- Leader: S. Suvarnakumar
- Chairman: S. Suvarnakumar
- Founded: 7 January 2004
- Headquarters: Kadakkavoor Buildings, Thumpara Nagar, Mundakkal, Kollam City, Kollam-691001, Kerala
- ECI Status: registered unrecognised parties
- Alliance: National Democratic Alliance
- Seats in Lok Sabha: 0
- Seats in Rajya Sabha: 0

= Secular National Dravida Party =

Secular National Dravida Party, was a political party in the Indian state of Kerala. The party was founded on 7 January 2004 by elements of the Ezhava caste organization Ezhava Mahajana Sabha. Founding chairman was S. Suvarnakumar. The party professed itself to 'Sreenarayanism', the teachings of Shree Narayana Guru. The party also demanded higher representation for the Ezhava caste in the political process.

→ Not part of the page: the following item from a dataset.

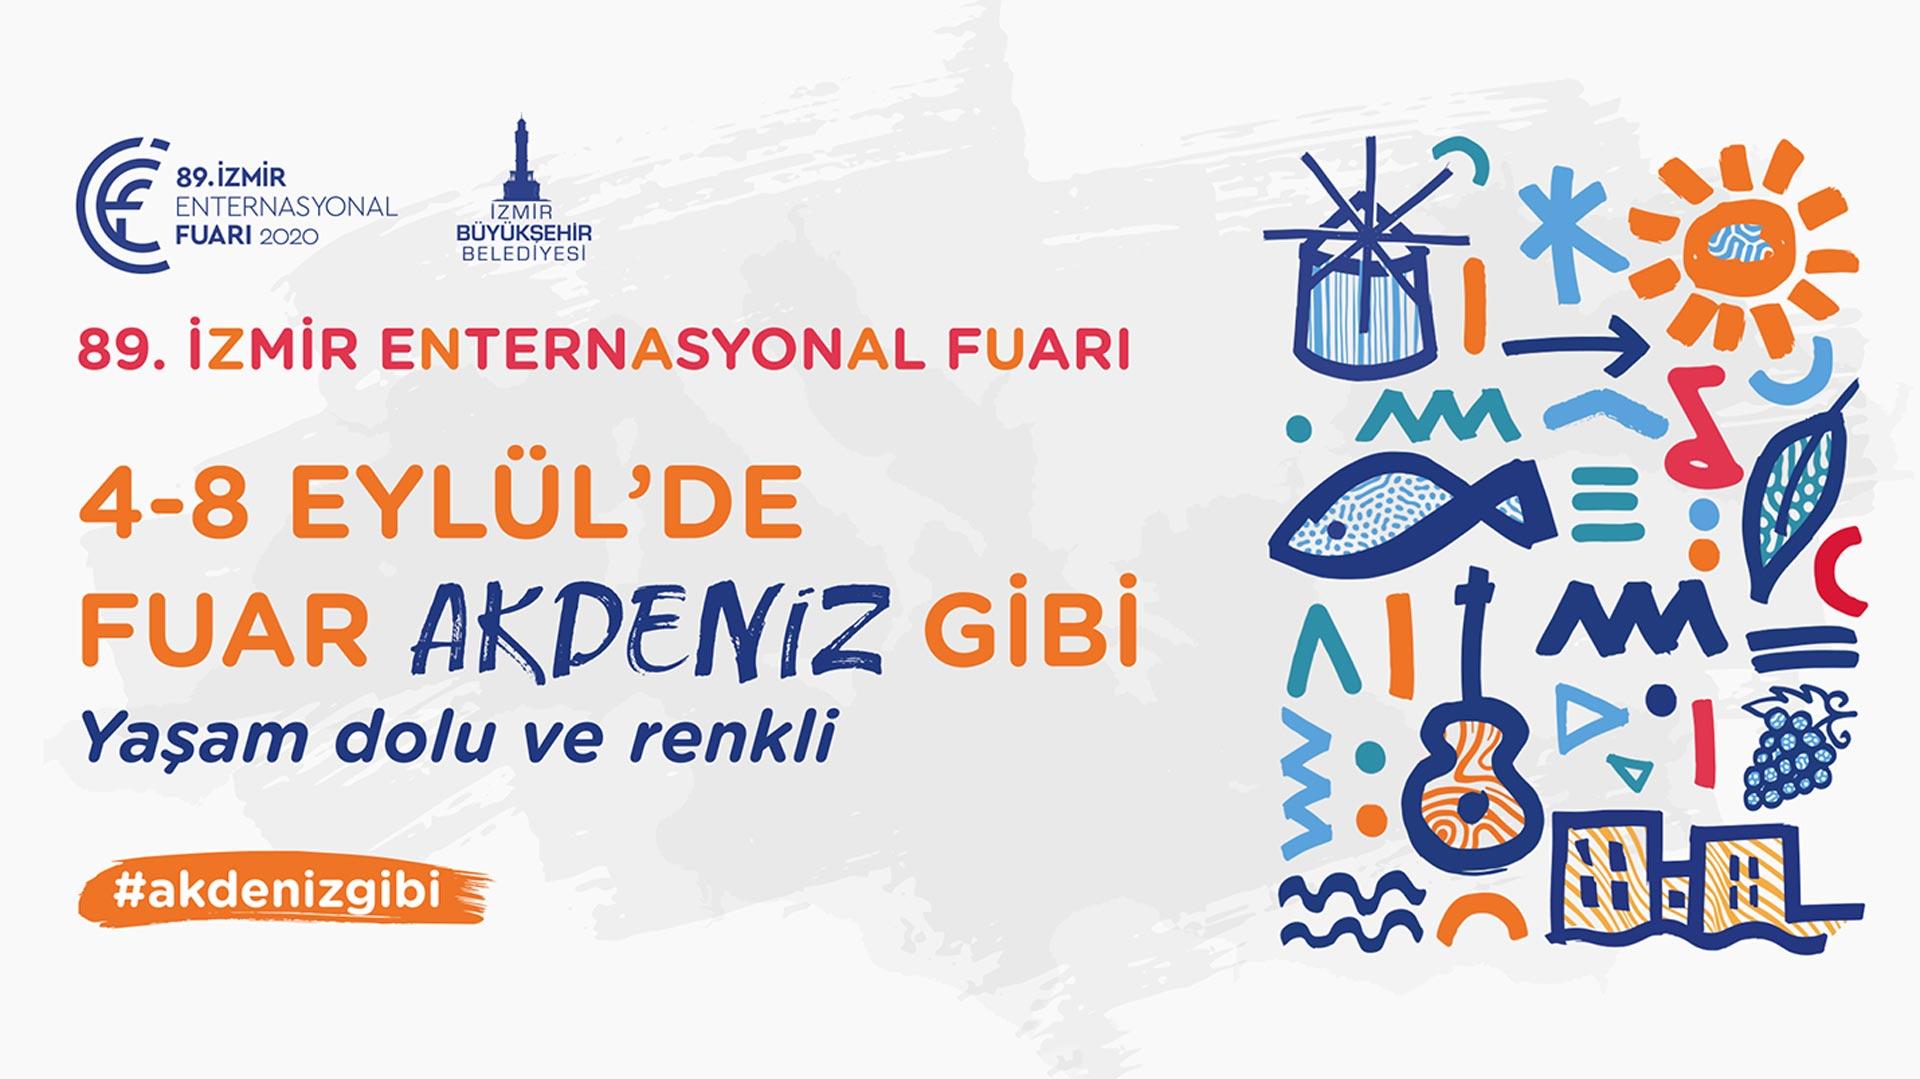 89 Izmir Enternasyonal Fuari

The party intended to fill the function of a political wing of the main Ezhava caste movement, Sree Naryana Dharma Paripalana yogam. However, SNDP Yogam was not interested in the project and the party wandered out into the political wilderness. In the beginning of April the party was one of the founding organizations of the Progressive Democratic Front.
2016 Kerala election SNDP support National Democratic Alliance candidate.